Brain tumors are categorized in several ways, but one of the most fundamental classifications is based on their location. The distinction between supratentorial and infratentorial tumors arises from where they develop in relation to a specific anatomical landmark within the skull. This difference in location profoundly influences the type of tumor that is likely to develop, the symptoms a person might experience, and the approaches taken for treatment.
The Anatomical Divide
The brain is separated into upper and lower compartments by a durable sheet of tissue called the tentorium cerebelli. Any tumor that develops above this dividing line is classified as supratentorial. This upper region is the largest part of the cranial cavity and contains the cerebrum, which is divided into left and right hemispheres responsible for higher-level functions like thought, personality, speech, and voluntary movements.
Conversely, the area below this dural fold is the infratentorial region. This more compact space houses two structures: the cerebellum and the brainstem. The cerebellum, located at the back of the skull, is the control center for balance, coordination, and fine motor skills. The brainstem connects the brain to the spinal cord and manages autonomic functions necessary for survival, including breathing, heart rate, and consciousness.
Common Tumor Types by Location
The types of tumors that commonly arise in these two regions differ, with a notable divergence in their prevalence between adults and children. In adults, the majority of primary brain tumors are supratentorial. Among the most frequent are gliomas, a category that includes astrocytomas and the more aggressive glioblastomas. Meningiomas, which grow from the meninges (the layers of tissue covering the brain), are also a common type of supratentorial tumor in adults.

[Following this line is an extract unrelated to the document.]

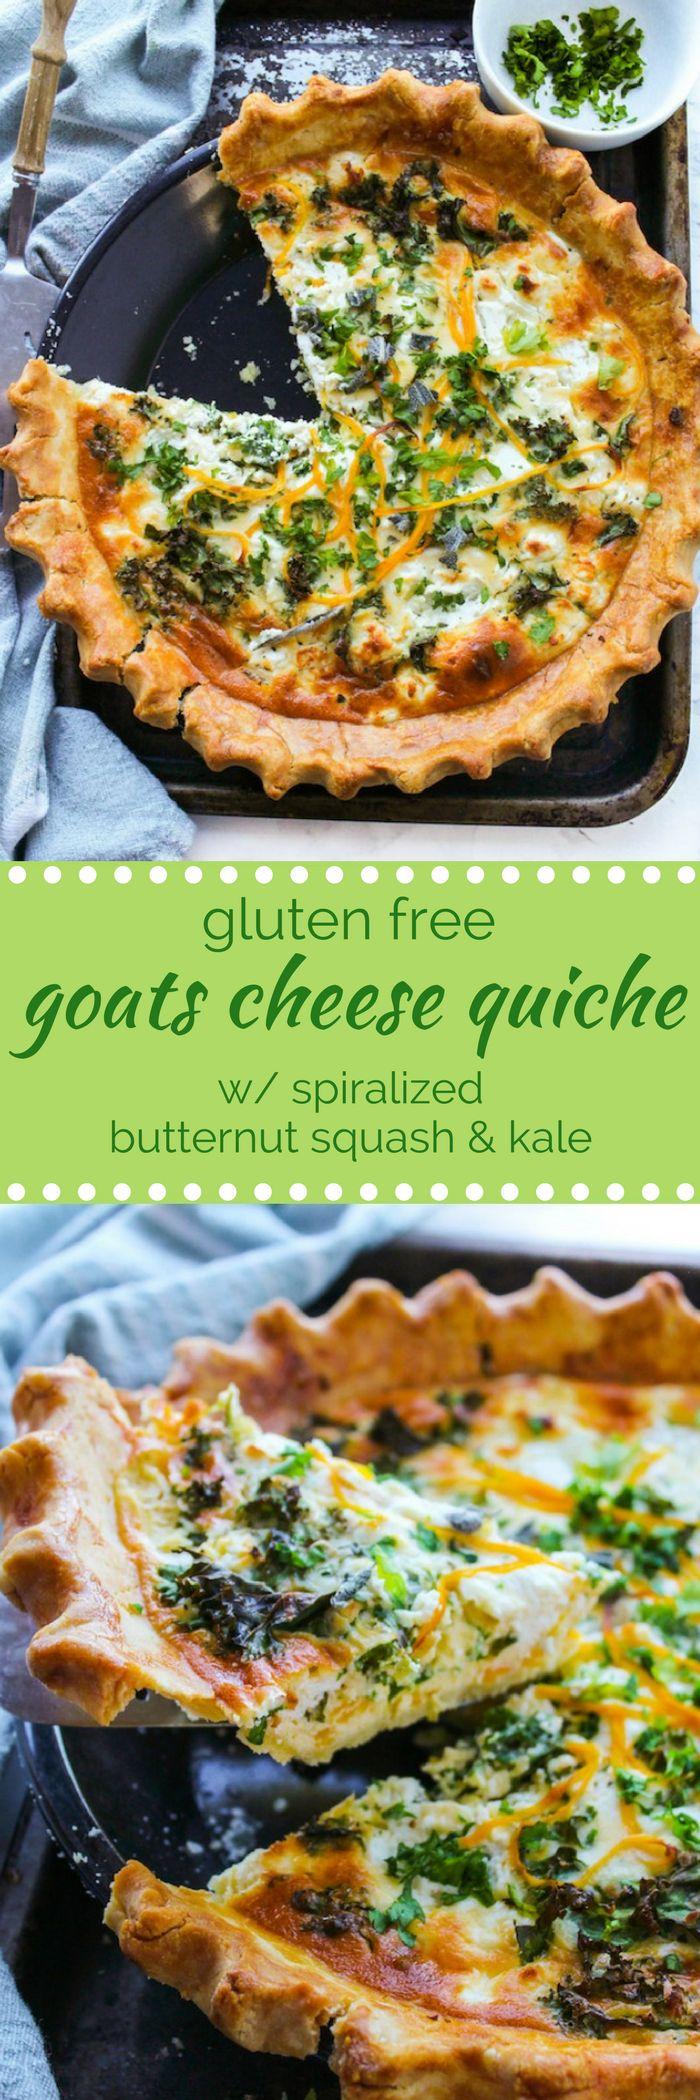 Gluten Free Butternut Squash Kale & Goats Cheese Quiche

In children, the pattern is reversed, with most pediatric brain tumors being infratentorial, accounting for up to 60% of all brain tumors in this population. Common examples found in the posterior fossa (the space containing the cerebellum and brainstem) include medulloblastomas, ependymomas, and cerebellar astrocytomas.
Distinct Symptom Profiles
The symptoms of a brain tumor are directly linked to its location and the brain functions it disrupts. Since the supratentorial region governs cognition and voluntary actions, tumors here often manifest with symptoms like seizures. Patients may also experience personality or behavioral changes, difficulties with memory and concentration, or problems with speech and language. Because the cerebrum’s hemispheres control opposite sides of the body, a tumor in this area can cause weakness, numbness, or sensory changes isolated to one side.
Infratentorial tumors produce a different set of symptoms related to the functions of the cerebellum and brainstem. Problems with balance (ataxia) and a loss of coordination are hallmark signs. Patients might also experience dizziness, double vision, facial weakness, or difficulty swallowing due to pressure on cranial nerves. These tumors can also obstruct the flow of cerebrospinal fluid (CSF), leading to hydrocephalus, which increases pressure inside the skull and often causes severe headaches, nausea, and vomiting.
Treatment and Prognostic Factors
A tumor’s location adds a layer of complexity to treatment planning, alongside its type, grade, and the patient’s overall health. Surgical accessibility is heavily influenced by whether a tumor is supratentorial or infratentorial. For example, operating on a tumor located near the brainstem carries substantial risks due to the concentration of vital functions in that small area.
The prognosis depends on a combination of factors, and the ability to perform a complete surgical resection is a major prognostic indicator. For some supratentorial tumors, such as certain meningiomas near the brain’s surface, complete removal may be more achievable. In contrast, infratentorial tumors, particularly those that invade the brainstem, present greater surgical challenges, which can influence long-term outcomes.